Although the ECB was not quite aggressive in its statement as the Bank of England, its decision to provide «forward guidance» for the first time was a far more significant institutional volte-face. By indicating that [the ECB] expects the key ECB interest rates to remain at present or lower levels for an extended period of time», not only did Draghi throw out the window the old mantra of «we never pre-commit», but he also indicated that lower (and negative) rates were more likely than consensus had expected.
As in the UK, the shift in ECB policy overshadowed macroeconomic news. These were mildly positive, though far less so than across the channel. The June composite PMI business sentiment indicator rose one point, but at 48.7 is still consistent with mild contraction in Eurozone GDP. We expect stabilization in European GDP this quarter, though that will not be enough to pull Europe out of its perma-cession. At any rate, the divergence in economic performance across the Atlantic is now matched by an equally stark divergence in central bank policies and outlook, and we expect the trend towards a lower Euro vs. the greenback to continue.

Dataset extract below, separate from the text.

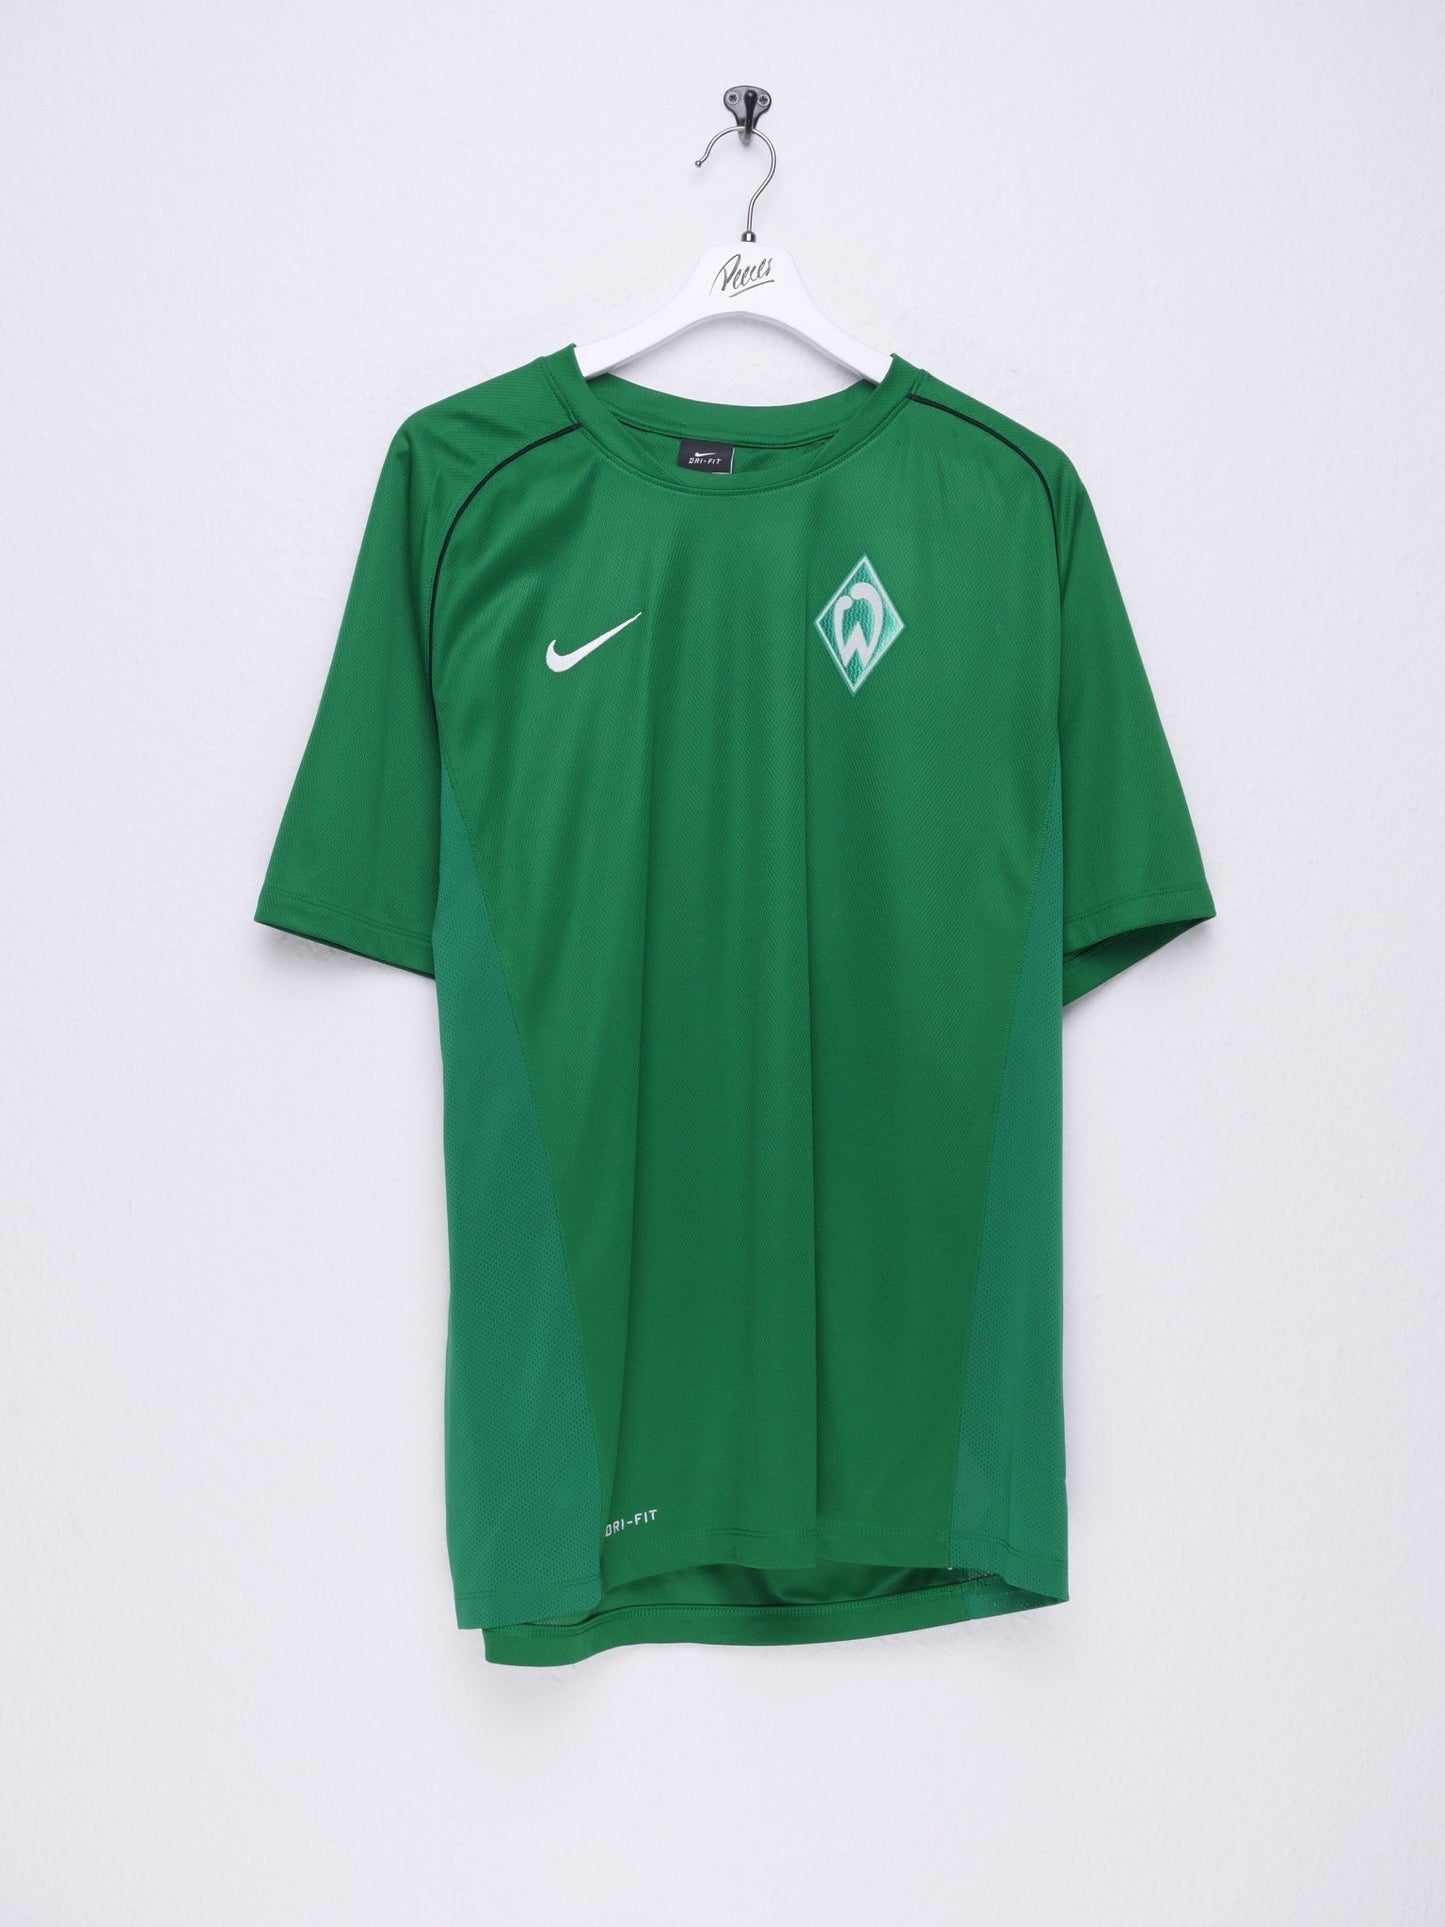 nike Werder Bremen embroidered Logo Soccer Jersey Shirt - Peeces

Any hopes investors in the US may have had for a quiet 4th of July holiday weekend were dashed, first by the BoE and the ECB, and then on Friday by a very solid payroll report. The latter provided yet more solid, though unspectacular, proof that the US economic expansion is proceeding apace, and therefore the Federal reserve will almost certainly start tapering off its third round of quantitative easing in September. Job gains are now averaging over 200,000 per month for the last six months, which is solidly above the growth of the labour force and therefore sufficient to bring about the steady reduction in unemployment that the Fed wants to see. Our forecast of 2.5-3% growth for the US economy looks on track, as does our long-standing bullishness on the greenback.